Metadata-Version: 2.1
Name: pycashier
Version: 0.2.3
Summary: cash in on expressed barcode tags
Home-page: https://github.com/brocklab/pycashier/
License: MIT
Author: Daylin Morgan
Author-email: daylinmorgan@gmail.com
Requires-Python: >=3.7,<3.10
Classifier: License :: OSI Approved :: MIT License
Classifier: Programming Language :: Python :: 3
Classifier: Programming Language :: Python :: 3.7
Classifier: Programming Language :: Python :: 3.8
Classifier: Programming Language :: Python :: 3.9
Requires-Dist: pysam (>=0.17.0,<0.18.0)
Requires-Dist: rich (>=10.12.0,<11.0.0)
Project-URL: Repository, https://github.com/brocklab/pycashier/
Description-Content-Type: text/markdown

# Cash in on Expressed Barcode Tags (EBTs) from NGS Sequencing Data *with Python*

[Cashier](https://github.com/russelldurrett/cashier) is a tool developed by Russell Durrett for the analysis and extraction of expressed barcode tags.

This python implementation offers the same flexibility and simple command line operation.

Like it's predecessor it is a wrapper for the tools cutadapt, fastx-toolkit, and starcode.

### Dependencies
- cutadapt (sequence extraction)
- starcode (sequence clustering)
- fastx-toolkit (PHred score filtering)
- pear (paired end read merging)
- pysam (sam file convertion to fastq)

## Recommended Installation Procedure
It's recommended to use [conda](https://docs.conda.io/en/latest/) to install and manage the dependencies for this package

```bash
conda env create -f https://raw.githubusercontent.com/brocklab/pycashier/main/environment.yml # or mamba env create -f ....
conda activate cashierenv
pycashier --help
```

Additionally you may install with pip. Though it will be up to you to ensure all the non-python dependencies are on the path and installed correctly.

```bash
pip install pycashier
```

## Usage

Pycashier has one required argument which is the directory containing the fastq or sam files you wish to process.

```bash
conda activate cashierenv
pycashier ./fastqs
```
For additional parameters see `pycashier -h`.

As the files are processed two additional directories will be created `pipeline` and `outs`.

Currently all intermediary files generated as a result of the program will be found in `pipeline`.

While the final processed files will be found within the `outs` directory.

## Merging Files

Pycashier can now take paired end reads and perform a merging of the reads to produce a fastq which can then be used with cashier's default feature.
```bash
pycashier ./fastqs -m
```

## Processing Barcodes from 10X bam files

Pycashier can also extract gRNA barcodes along with 10X cell and umi barcodes.

Firstly we are only interested in the unmapped reads. From the cellranger bam output you would obtain these reads using samtools.

```
samtools view -f 4 possorted_genome_bam.bam > unmapped.sam
```
Then similar to normal barcode extraction you can pass a directory of these unmapped sam files to pycashier and extract barcodes. You can also still specify extraction parameters that will be passed to cutadapt as usual.

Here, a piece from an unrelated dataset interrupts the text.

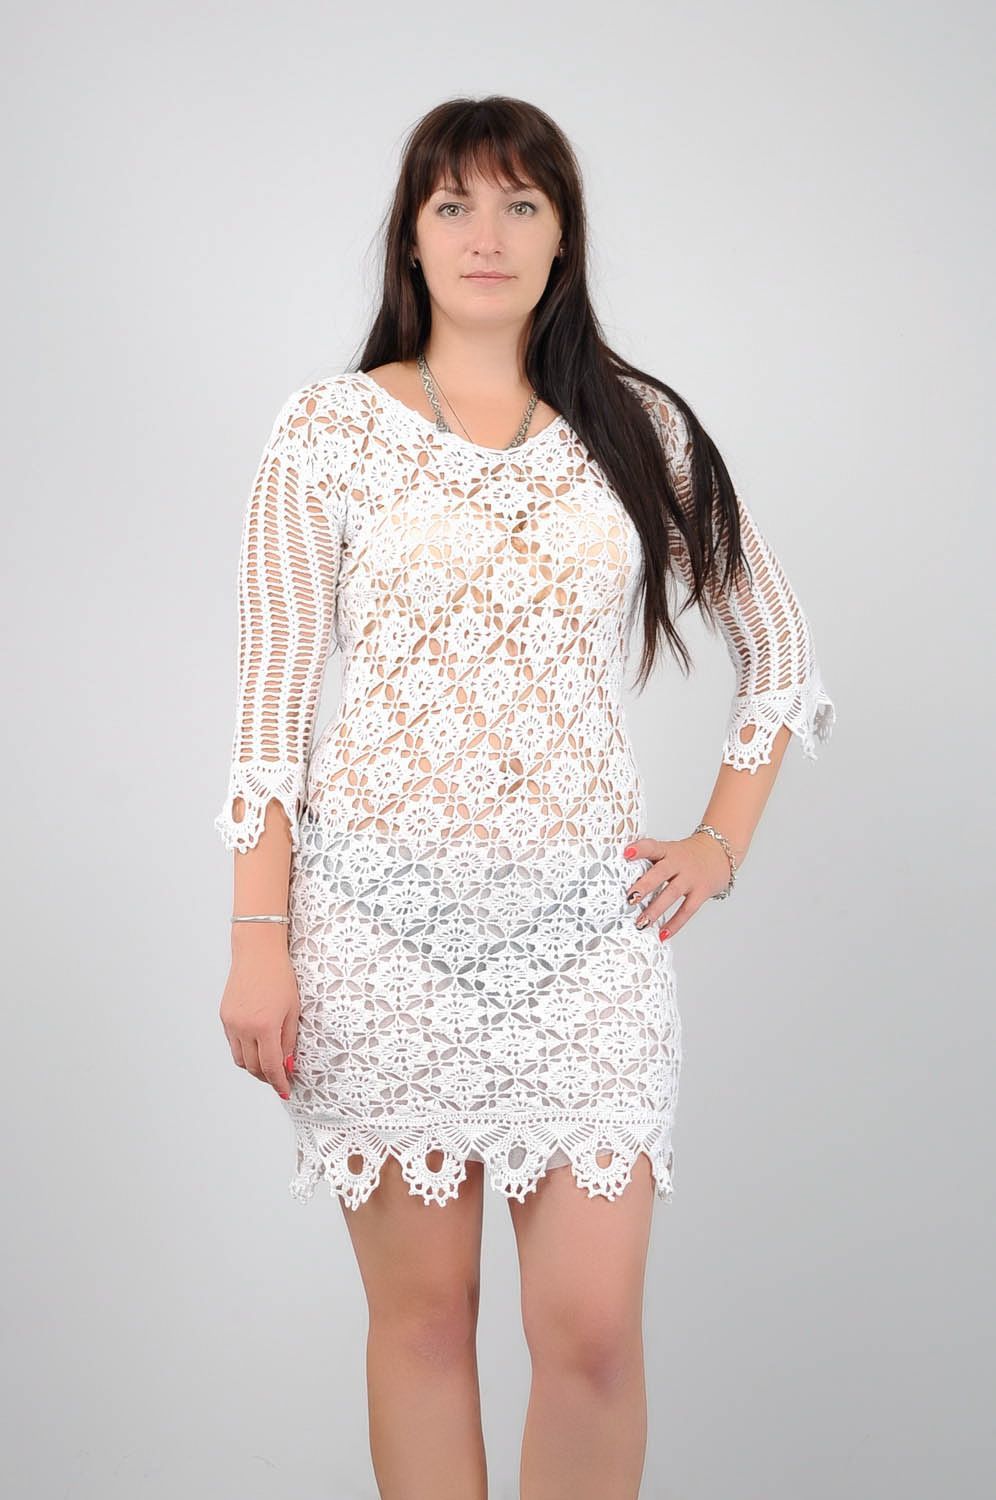 White-Snow Crocheted Dress photo 1
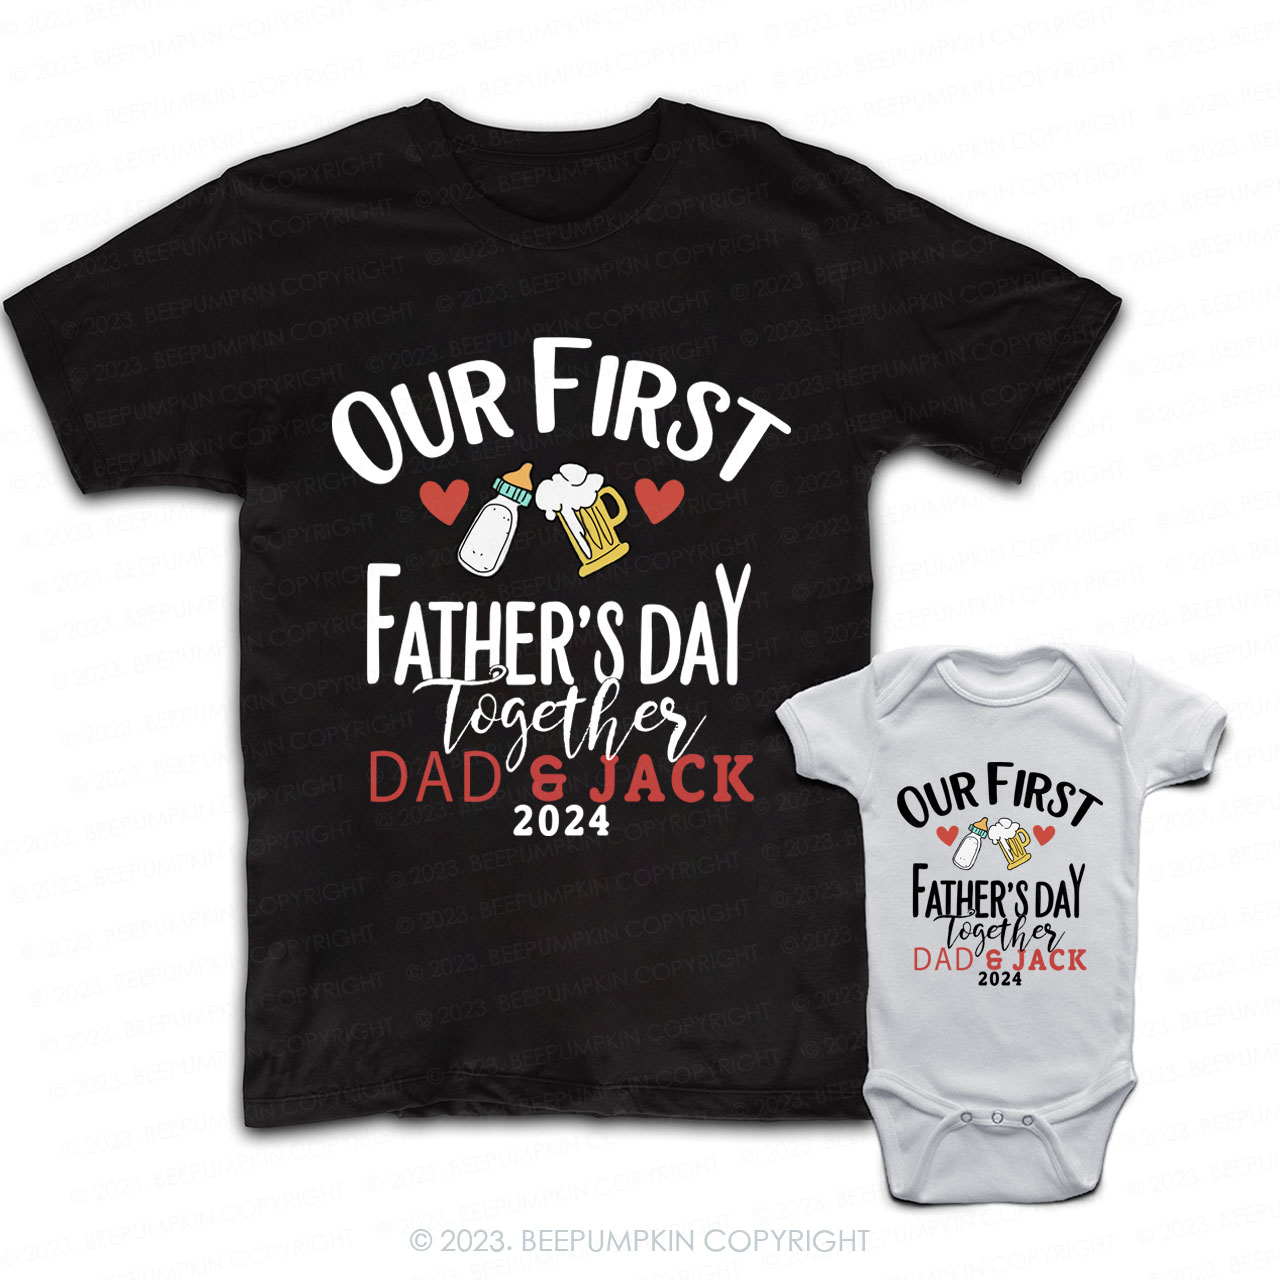 Cheers Dad & Baby Matching Shirts

*Note*: The default parameters passed to cutadapt are unlinked adapters and minimum barcode length of 10 bp.

```
pycashier ./unmapped_sams -sc
```
When finished the `outs` directory will have a `.tsv` containing the following columns: Illumina Read Info, UMI Barcode, Cell Barcode, gRNA Barcode


## Usage notes
Pycashier will **NOT** overwrite intermediary files. If there is an issue in the process, please delete either the pipeline directory or the requisite intermediary files for the sample you wish to reprocess. This will allow the user to place new fastqs within the source directory or a project folder without reprocessing all samples each time.
- Currently, pycashier expects to find `.fastq.gz` files when merging and `.fastq` files when extracting barcodes. This behavior may change in the future.
- If there are reads from multiple lanes they should first be concatenated with `cat sample*R1*.fastq.gz > sample.R1.fastq.gz`
- Naming conventions:
    - Sample names are extracted from files using the first string delimited with a period. Please take this into account when naming sam or fastq files.
    - Each processing step will append information to the input file name to indicate changes, again delimited with periods.